Pros and Cons of WFQ Pro

• Simple Configuration
• Guarantees throughput to all flows
• Drops packets of most aggressive flows
• Supported on most Cisco platforms and all IOS versions

Con

• Multiple flows can end up in one queue
• Does not support the configuration of classifications
• Cannot provide fixed bandwidth guarantees

WFQ Configuration WFQ is enabled by default on all interfaces that have a default bandwidth of less than 2Mbps. Use the fair-queue command to enable WFQ on interfaces that do not have WFQ enabled.

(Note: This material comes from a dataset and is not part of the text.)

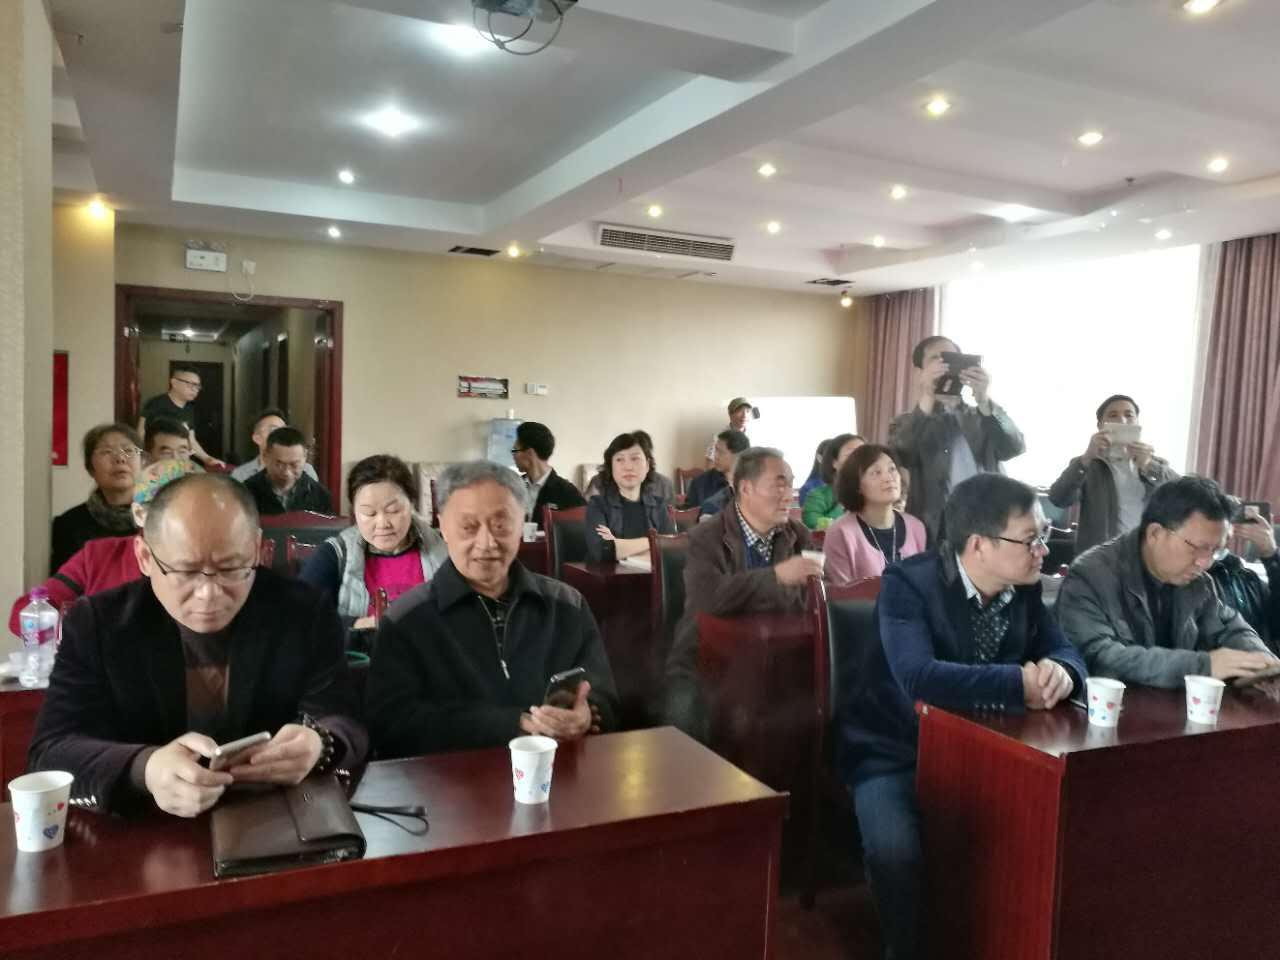 四川省诗词协会格律体新诗创研会在香城新都正式成立挂牌 - 卡莎 - 卡莎(Kasahelen)的博客

Congestive discard threshold (CDT) – Optional

• Number of packets allowed in the WFQ system before the router starts dropping new packets for the longest queue, with a value of 1 to 4096 (default 64)

Dynamic-queues - Optional

• Number of dynamic queues, with values of 16,32,64,128,512,1024,2048,4096

Reservable-queues - Optional • Number of reservable queues if the RSVP feature is configures on the interface, with values of 0 to 1000

Hold-queue Max (HQO)

• Maximum number of packets that can be in all output queues on the interface at any time
• Default is 1000

In most cases the hold-queue limit will never be reached because the CDT will start dropping the most aggressive conversations. WFQ Show Commands

Output Queue

• 0 packets in the WFQ system
• 1000 packets allowed in the WFQ system, set by the HQO
• 64 packets in anyone queue before CDT starts dropping aggressive flows
• 0 packets have been dropped

Conversations

• 0 active conversations
• 4 maximum number of concurrent conversations
• 256 total number of WFQ queues

Show queue displays the packets inside a queue for a particular interface

• Depth = number of packets in the queue, the above example displays 1 packet
• Weight = depending on the IOS version the weight is calculated by “IP Precedence + 1” or “32,384/(IP Precedence + 1), the above example displays 4096
• Discards = represents drops due to CDT
• Tail Drops = represents drops due to HQO

Summary This blog discussed Weighted Fair Queuing, the next blog in this QoS series will discuss Class Based WFQ and Low Latency queuing (LLQ). Author: Paul Stryer References

• Cisco IOS Quality of Service Solutions Configuration Guide, Release 12.4T
• End-To-End QoS network Design, by Tim Szigeti and Christina Hattingh – ISBN # 1-58705-176-1
• DiffServ – The Scalable End-To-End QoS Model
• Integrated Services Architecture
• Definition of the Differentiated Services Field
• An Architecture for Differentiated Services
• Requirements for IP Version 4 Routers
• An Expedited Forwarding PHB (Per-Hop Behavior)

Which algorithm is based on queuing technique?

Which queuing algorithm applies priority or weights to identify traffic and classify it?

Which method is used in queues for flow control on network?

What queuing method ensures all packets are transmitted in the same order they are received?